» Task requirements: Once you reach the line with "Estructura de anillo de caja básica - plata" below, copy each line exactly, stopping after the line with "FRANCE ASSIGNAT 5", and skip any pictures.

» Record excerpts:
******

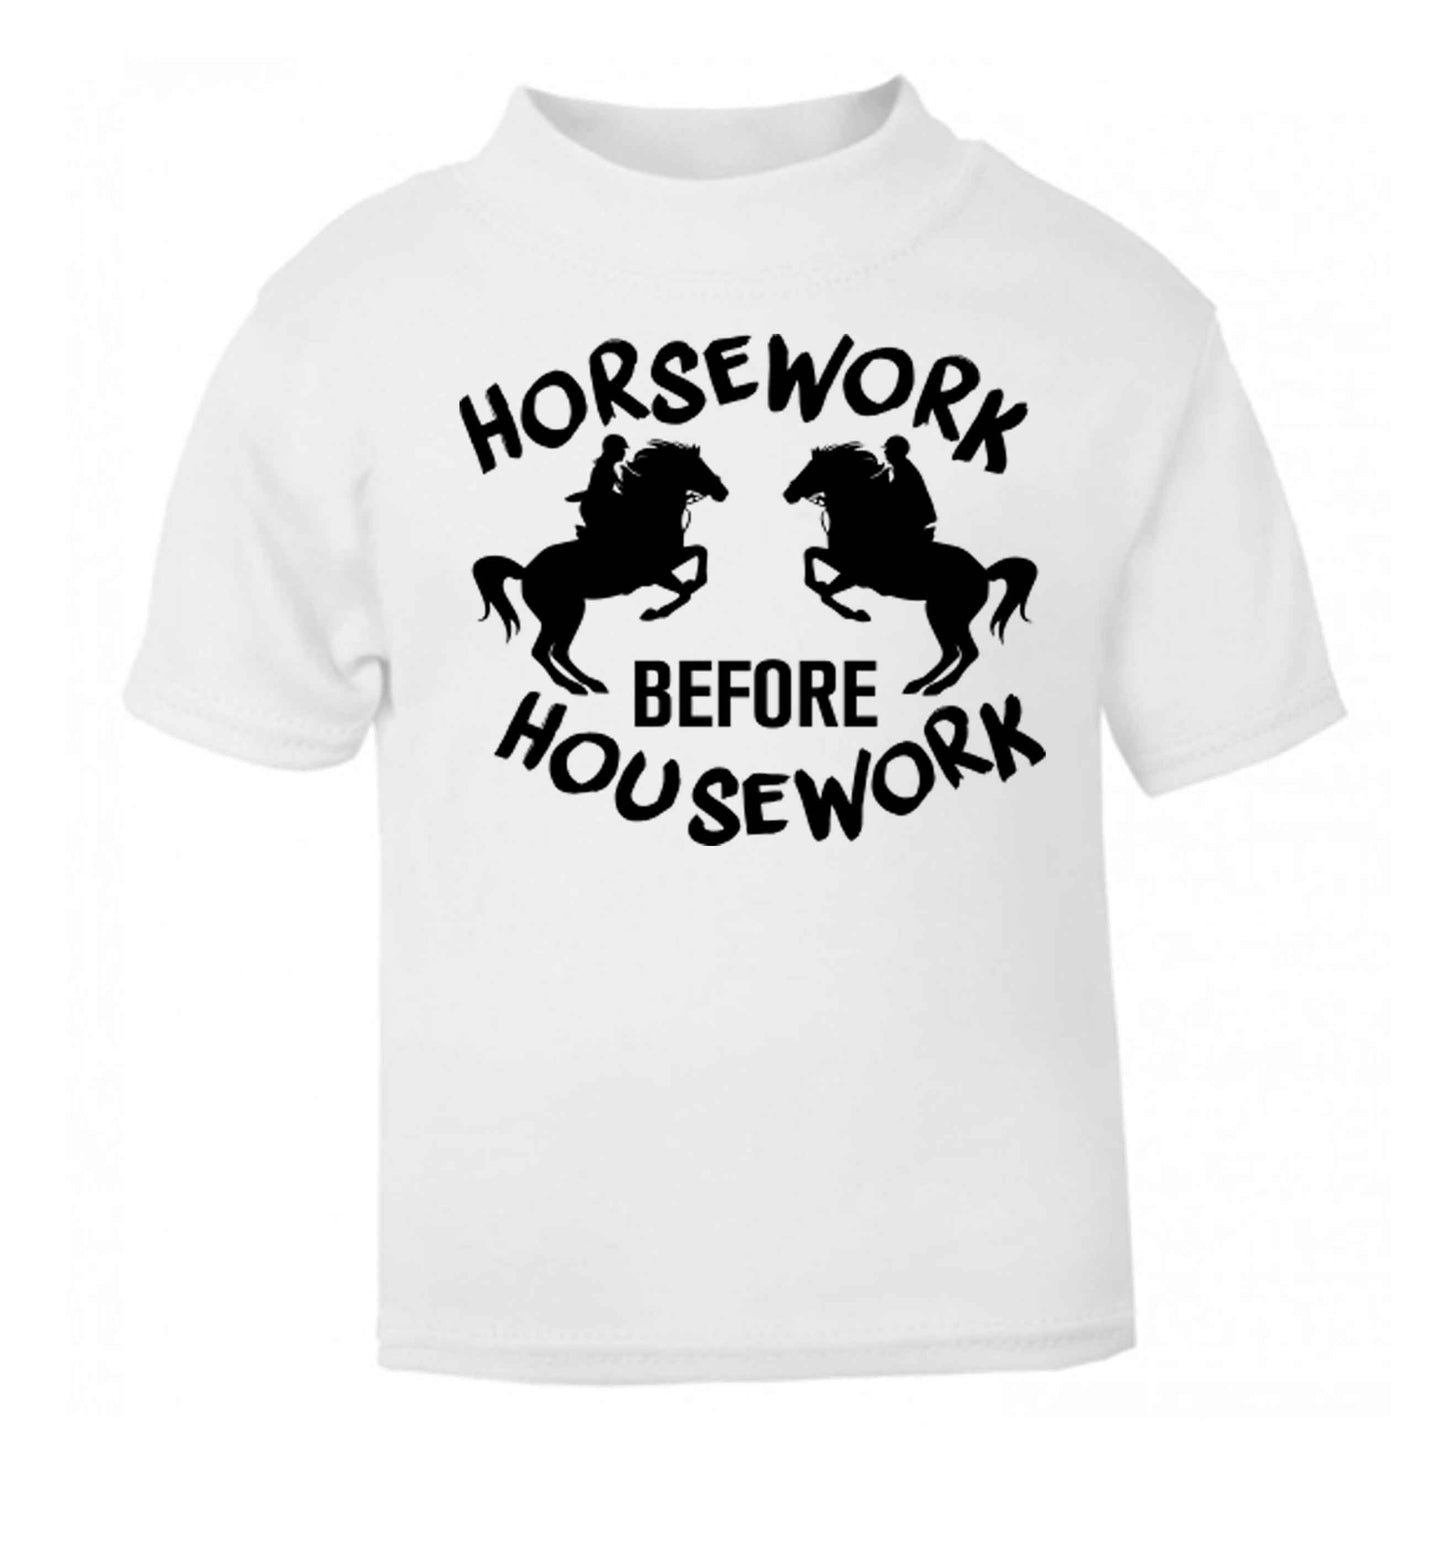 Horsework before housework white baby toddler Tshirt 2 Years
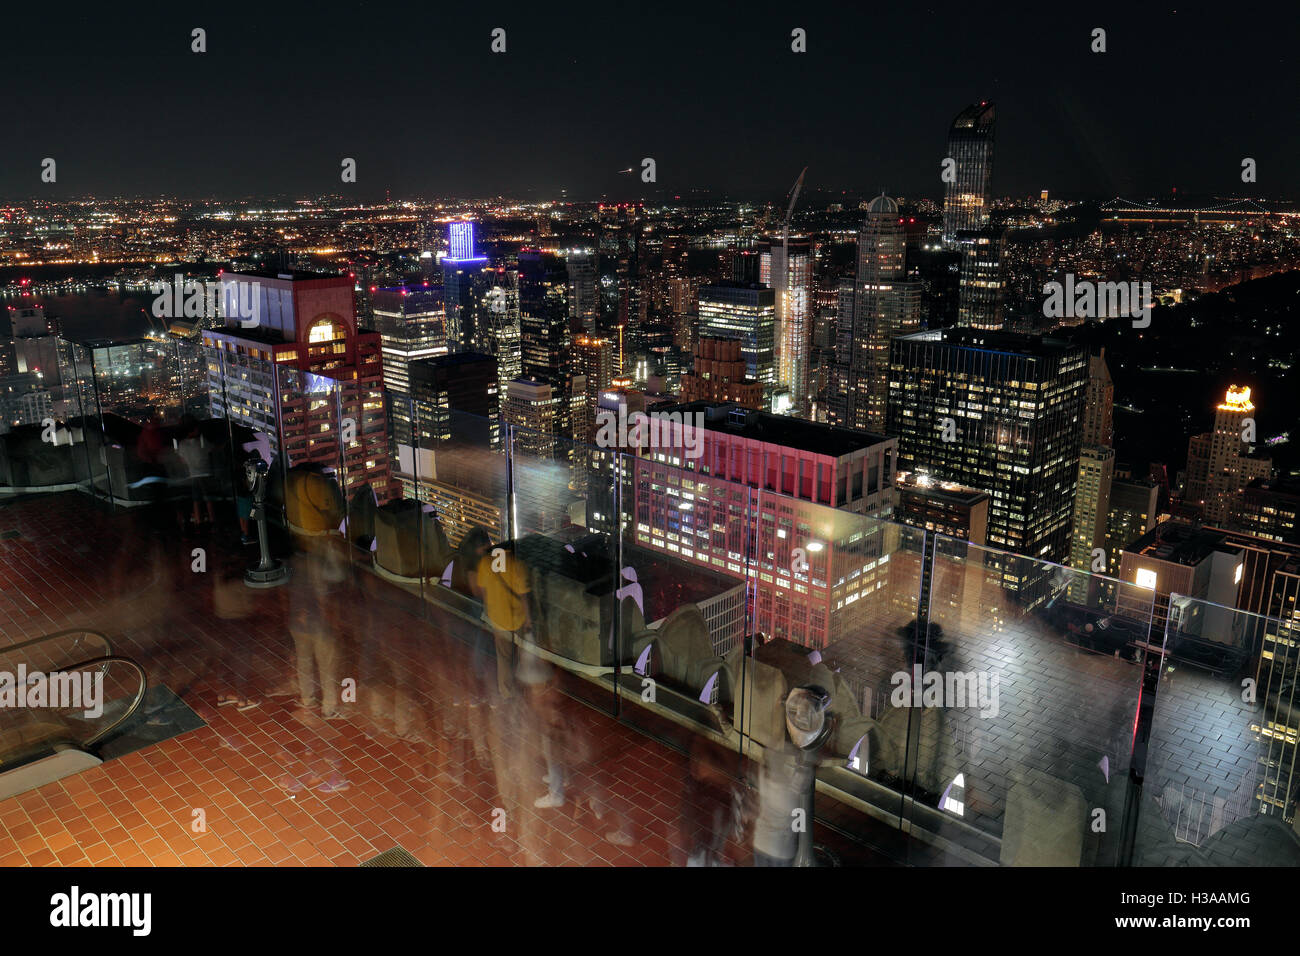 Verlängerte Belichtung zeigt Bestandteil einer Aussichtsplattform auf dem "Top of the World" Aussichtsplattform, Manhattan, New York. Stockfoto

******

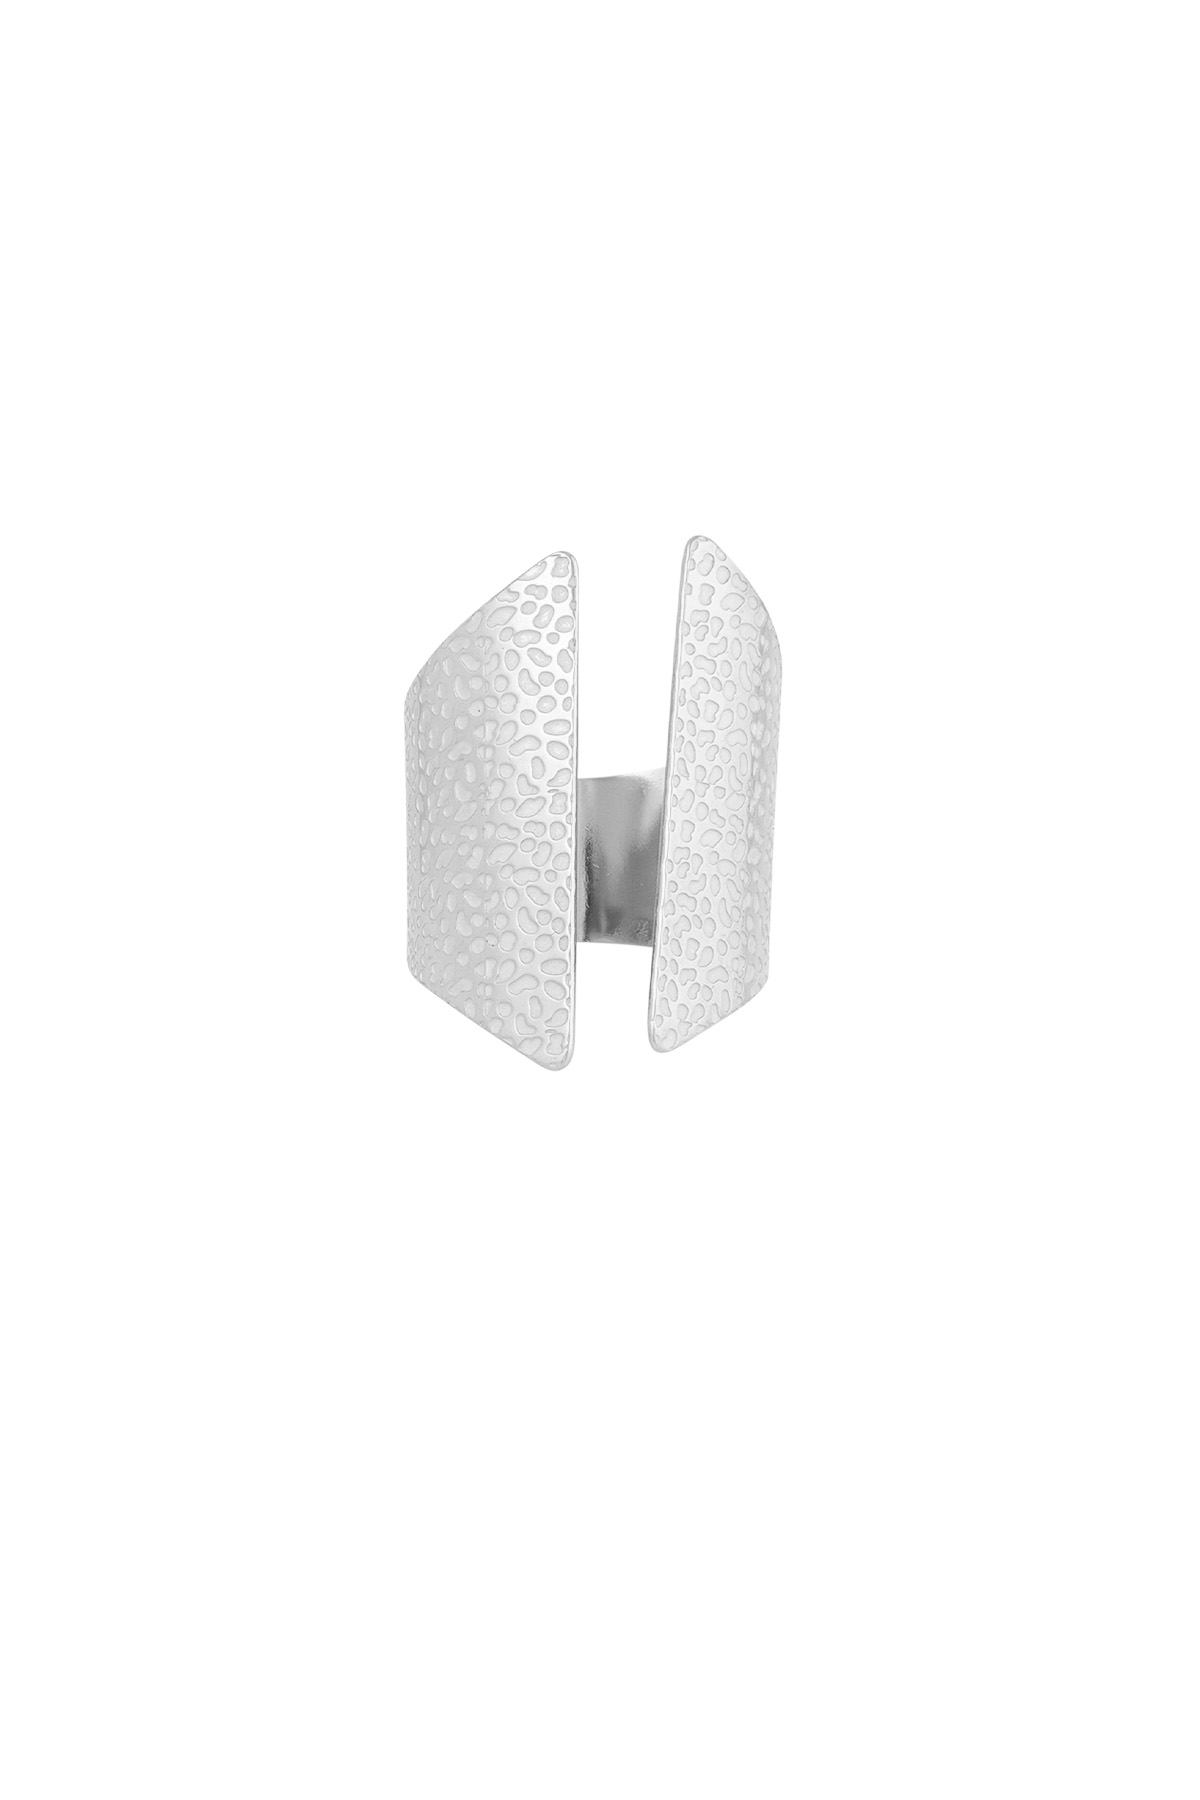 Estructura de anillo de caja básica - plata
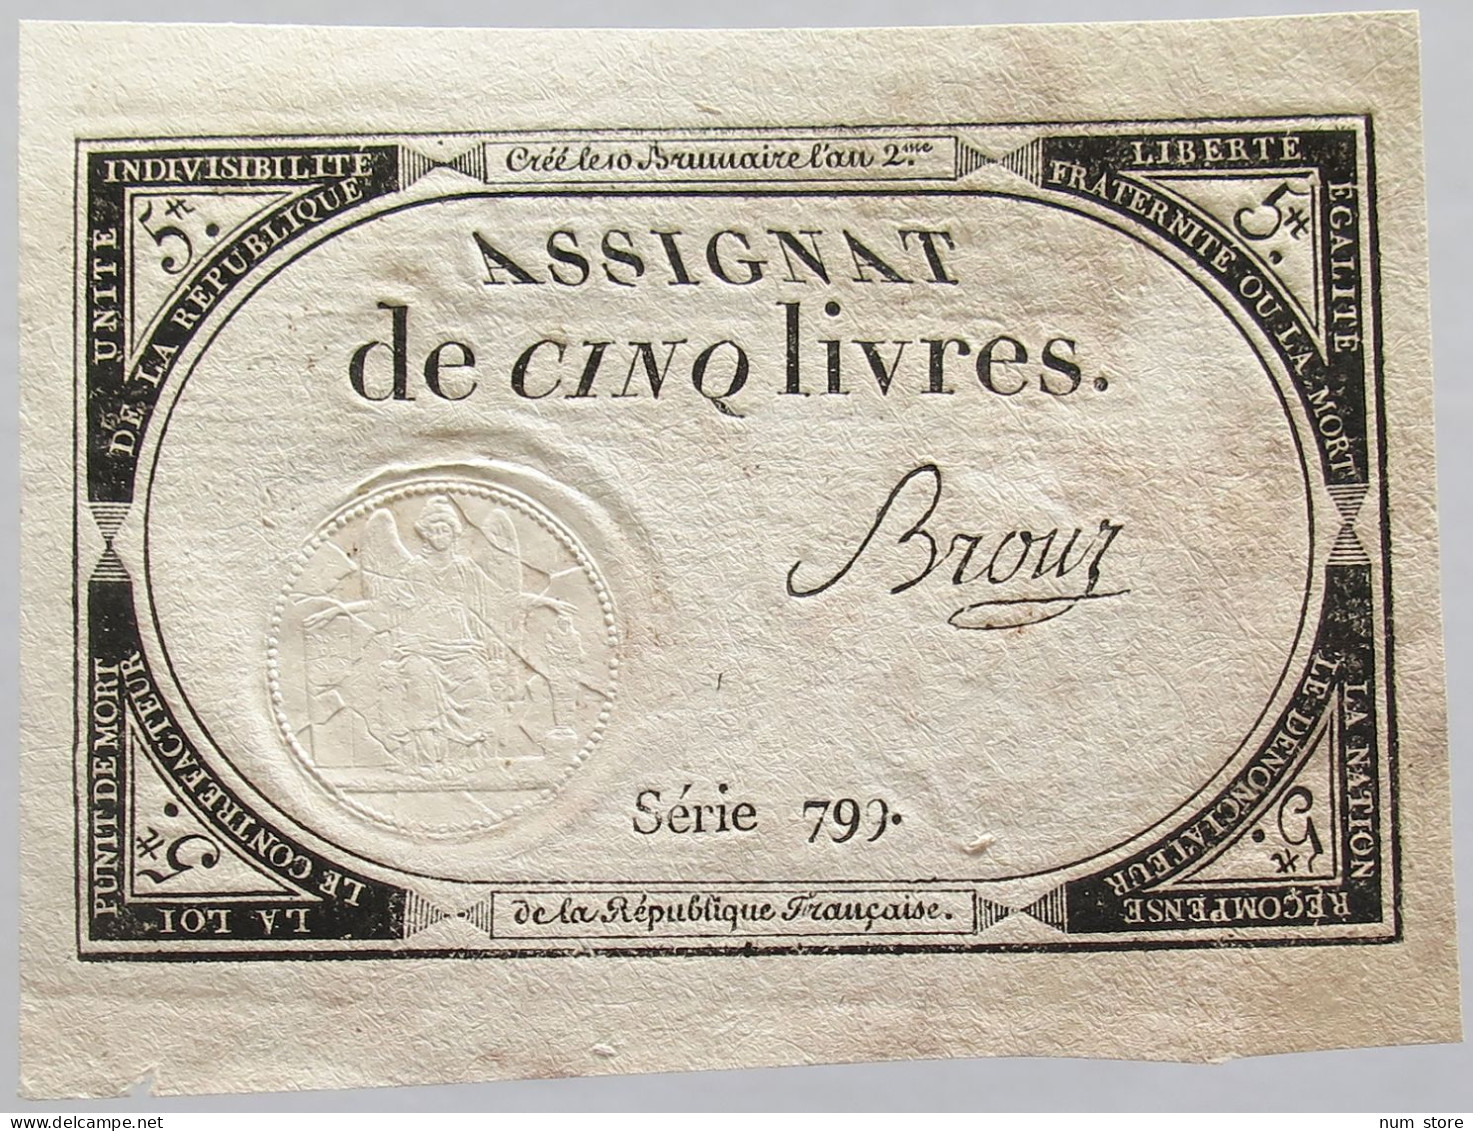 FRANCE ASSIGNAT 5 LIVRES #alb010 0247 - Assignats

******

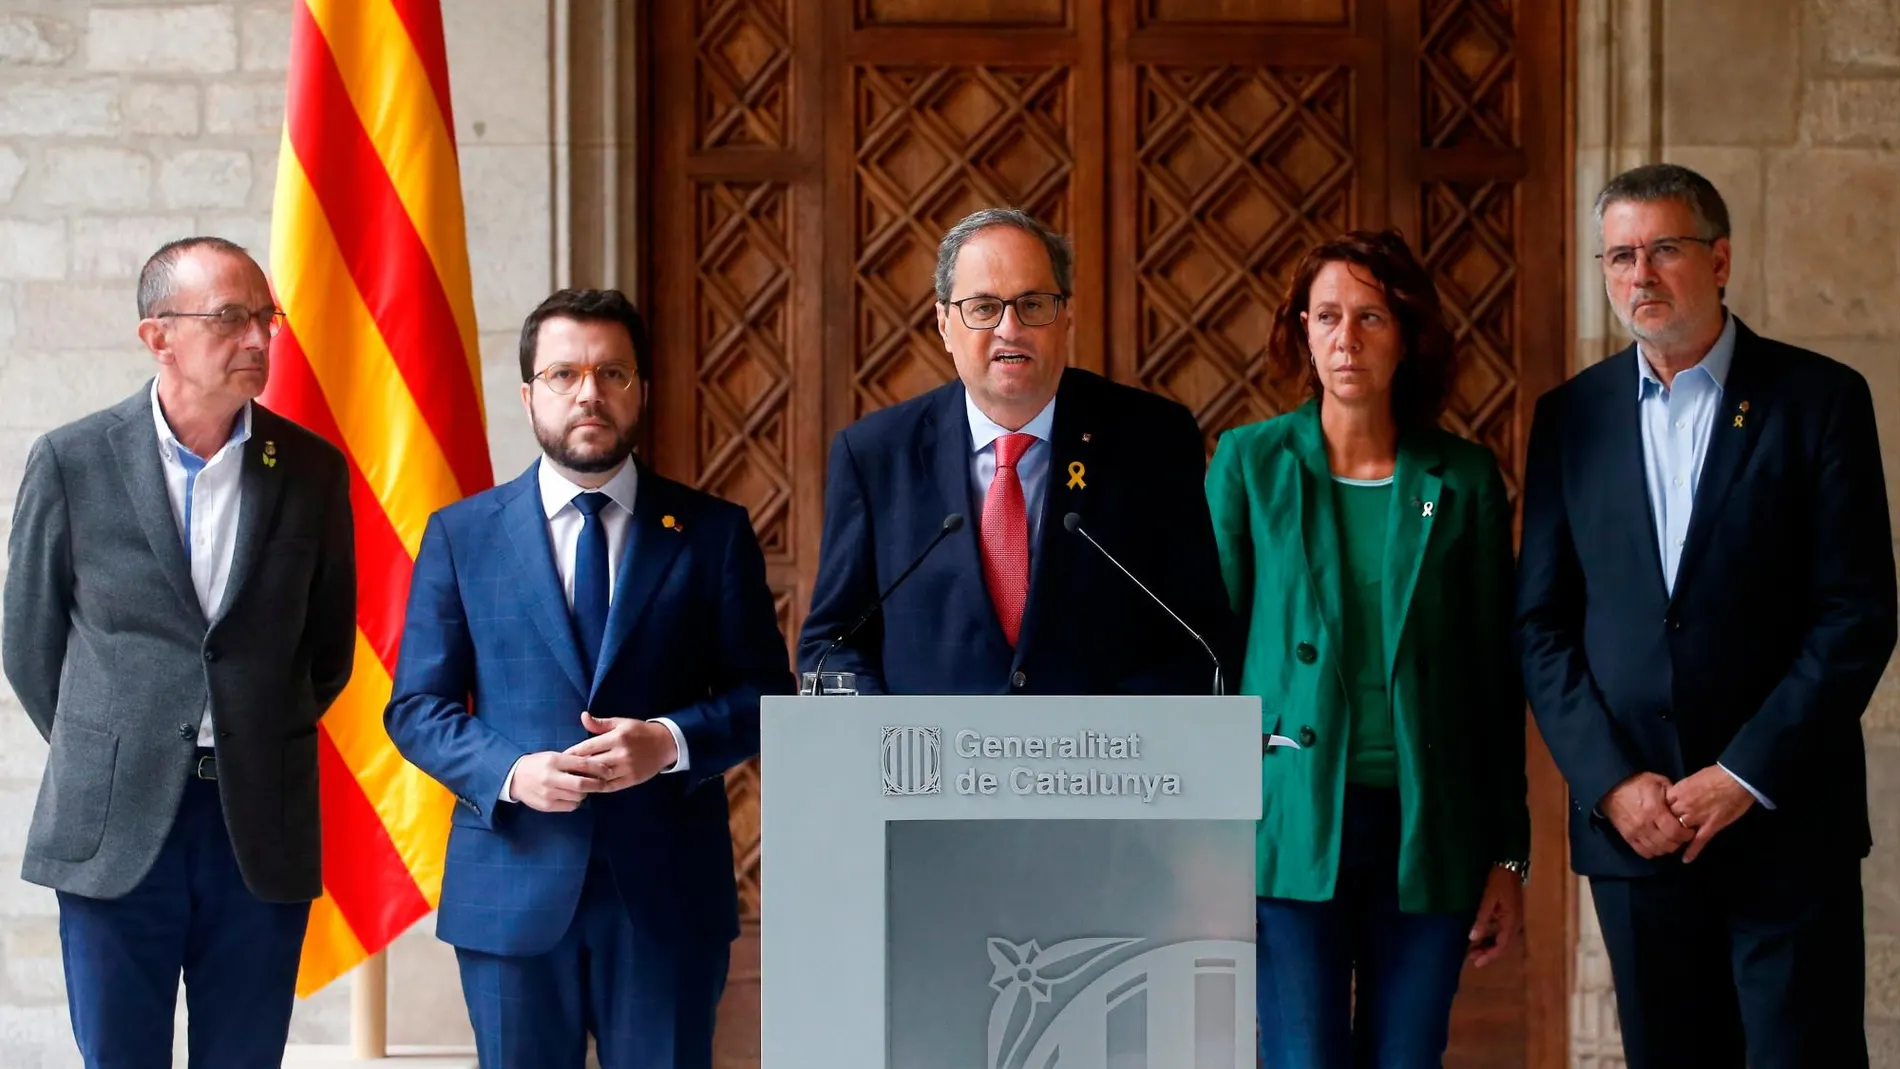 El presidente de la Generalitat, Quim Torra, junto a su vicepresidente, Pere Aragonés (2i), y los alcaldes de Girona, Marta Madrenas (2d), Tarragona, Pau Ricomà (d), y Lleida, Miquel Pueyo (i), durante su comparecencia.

******

» Output for this task:
 Estructura de anillo de caja básica - plata
 FRANCE ASSIGNAT 5 LIVRES #alb010 0247 - Assignats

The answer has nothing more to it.